Discrete Schmitt Trigger: make output logic level at 0V, not 3V

Question

I designed a Schmitt Trigger with discrete components (using an emitter-coupled pair) that operates with a Low Disable Trigger of around 3.5V and a High Enable Trigger of around 4V on circuit simulation. The circuit simulation uses a sine wave function generator to simulate a changing analog waveform.

The desired output of the Schmitt Trigger for high and low are 5V and 0V respectively, but this Schmitt Trigger outputs a logic high of 5V and a logic low of 3V, which is not suitable for the rest of my circuit, as they require 5V-0V logic levels to work.

The question is how can I make the Schmitt Trigger output a logic level of 5V-0V from a logic level of 5V-3V? What circuit can I "bolt on" to this design to make it output that logic level, or even better, an entirely different circuit altogether that achieves similar functionality (a discrete-component comparator that can achieve a 5V-0V logic level is also cool with me).

Keep in mind that I cannot use any ICs due to project requirements, and I also cannot use any other power supply other than 5VDC.

Answer 1

The basic problem is how the positive feedback in your Schmitt trigger robs low output voltage. The feedback voltage is generated across RE, which is always added to the low level output voltage.

A Schmitt trigger is basically a amplifier with a little bit of positive DC feedback. Can you think of other ways of using two transistors to make positive gain? Perhaps some of those configurations allow for a feedback path that does not limit the output voltage swing.

Hint 1: Your exising amplifier topology can be used with a different feedback path.

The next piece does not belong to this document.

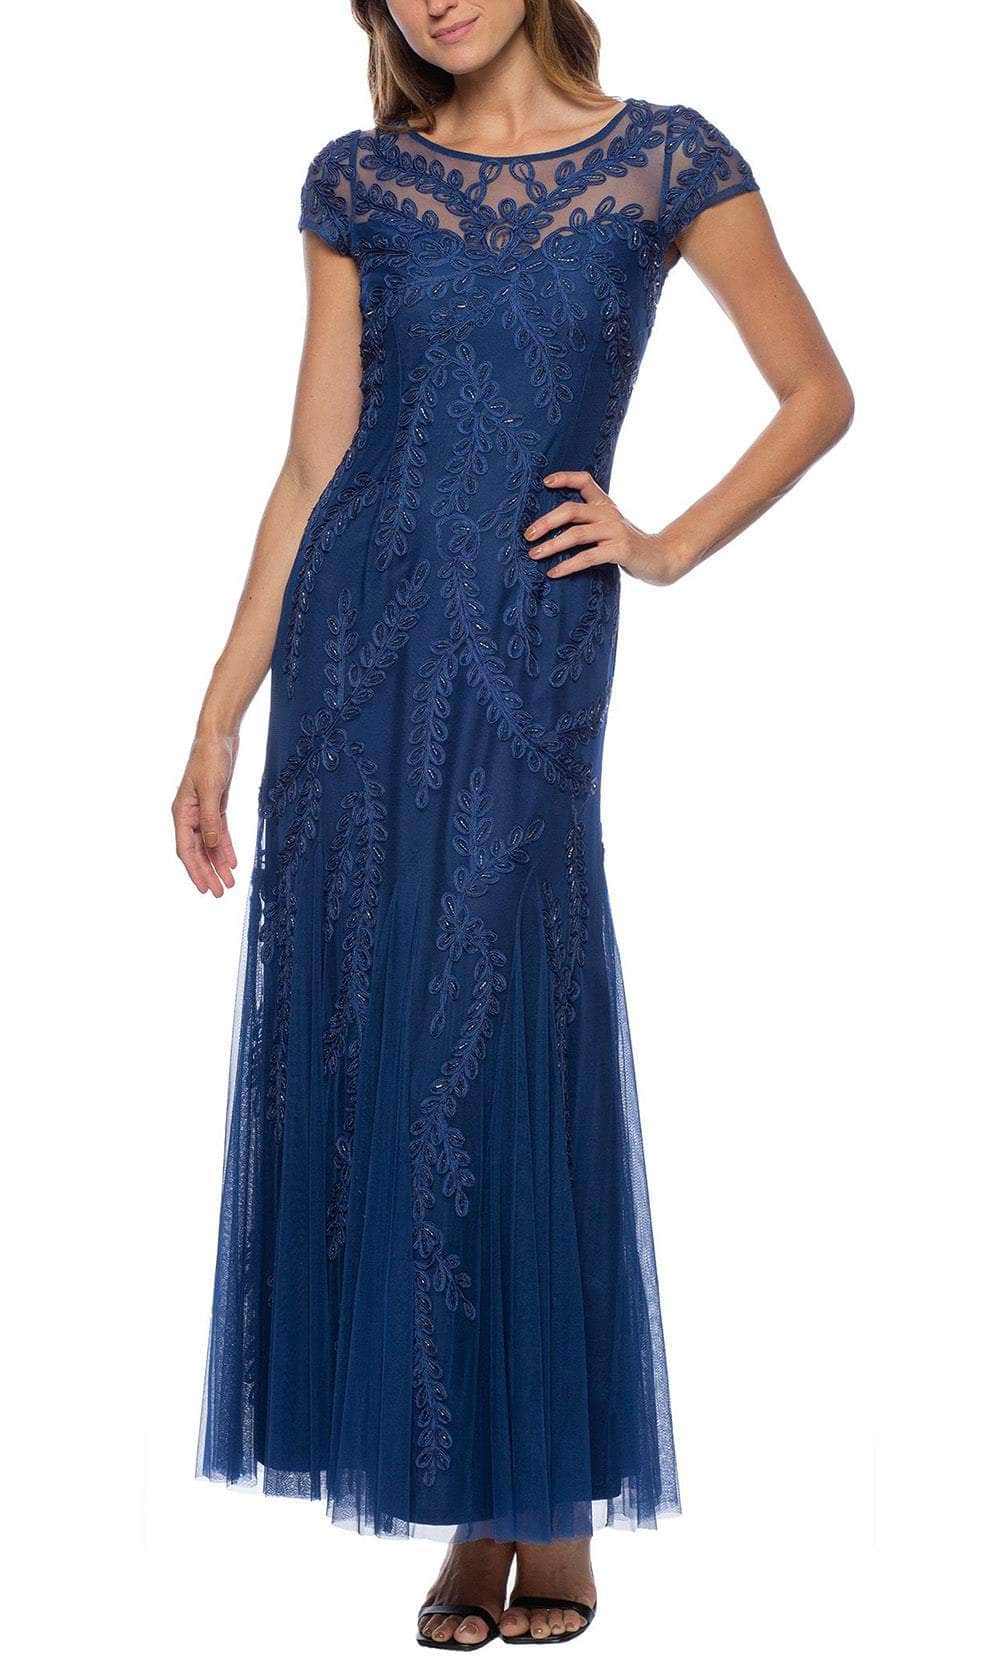 Marina 267853 - Cap Sleeve Embellished Evening Gown
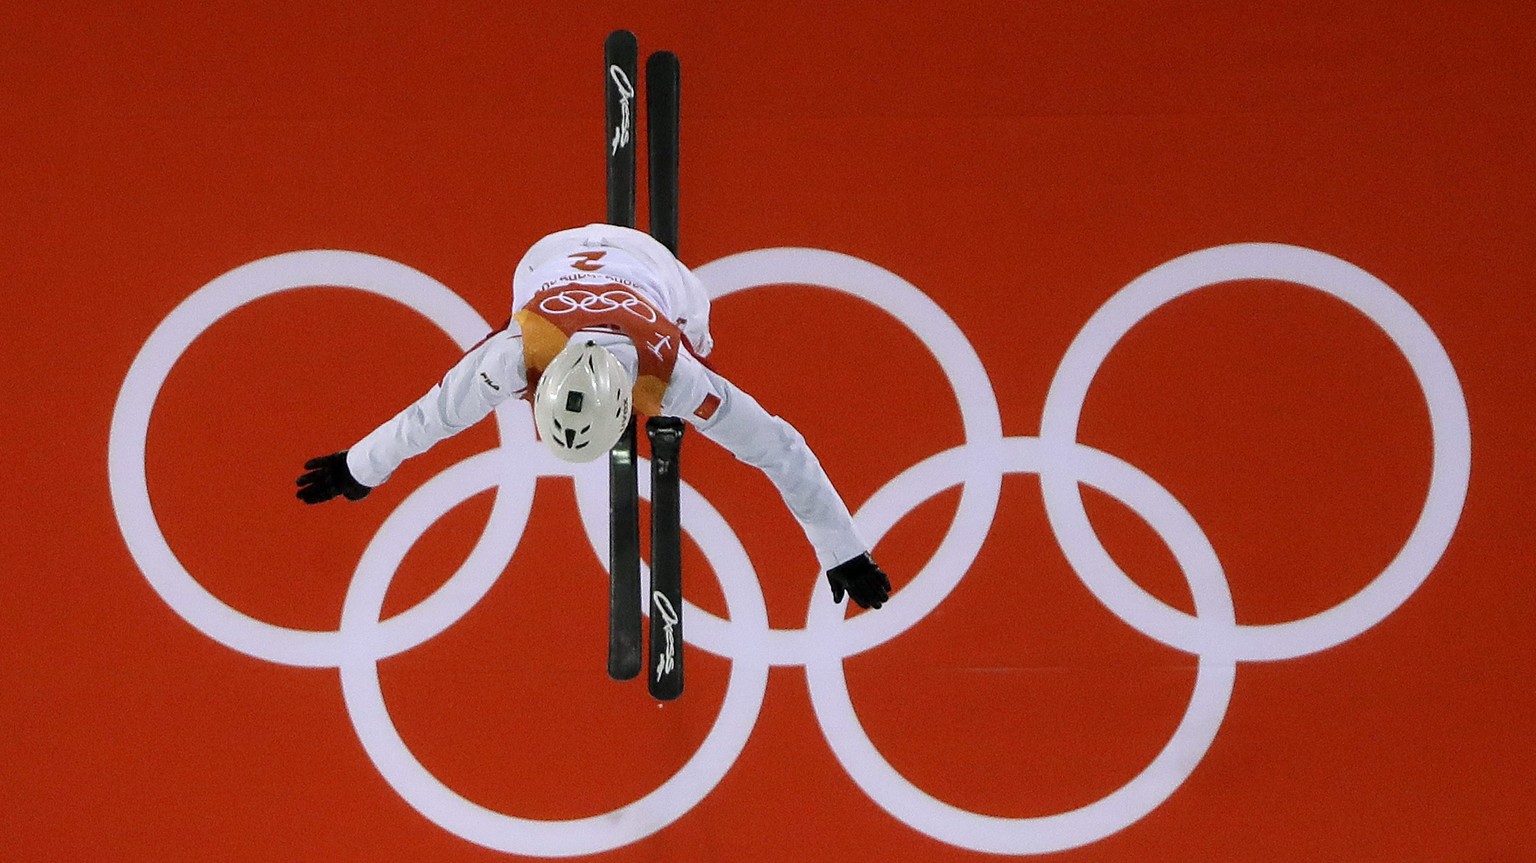 Erfolgreicher Ski-nese: Jia Zongyang gewinnt in Pyeongchang Aerials-Silber.

Hint 2: The two transistors can be a mix of NPN and PNP. That may open your thinking to more amplifier topologies.

Answer 2

Logic levels for 5v CMOS are not necessarily 0v and 5v; 1v-3.5v will usually work fine. You can however get 0v-4.5v with two extra transistors and resistors.

Answer 3

In theory, yes, you could use a negative supply.

Or, since the specs for TTL allow a 400mV output voltage with full noise margin you could use a few hundred mV of that up for the hysteresis and divide the input voltage down and probably get to your goal, but that's a bit ugly.

Even unloaded you can't get to 5V/0V output swing because a transistor will have some 10's of mV across it when saturated, so you need some slightly more relaxed requirements. You can get close to 0 and 4.9x V (unloaded) with a fairly simple addition on the output side.

Answer 4

You could use a negative supply (about -3V) to offset the low output level downwards by 3V, but this will alter the switching thresholds, and by readjusting all the resistances to restore them, you also change the low output level. It's a balancing act.

Much easier is just to add a third transistor stage (blue box below) to obtain 0V and +5V from +5V and +3V inputs:

^{simulate this circuit – Schematic created using CircuitLab}

However, that stage inverts, so now you have an inverting schmitt trigger:

If you require non-inversion, another inverting stage will correct it:

^{simulate this circuit}

Answer 5

RE (plus transistor base) sets the lower trigger point. Reduce this to ~56R for (falling) triggering at ~3.5V with ~0.3V low output.

Adding a small resistor between T1 collector and T2 base allows fine control of the hysteresis; 100R will give (rising) triggering at ~4.5V with 5V output.

R1, RC1 and RC2 can be increased quite a lot to reduce power wasted, but will interact a little with the triggers - simulate and hand tune.

Answer 6

Try shorting/removing RE and tie the emitters to the negative of the supply (ground). In order to get 0v on the low side, the emitter of T2 must be tied to 0v. Any other components will affect that low side output voltage.

The same goes for T1; if its emitter isn't connected to 0v, then it may not fully turn off T1 when it's in its on state.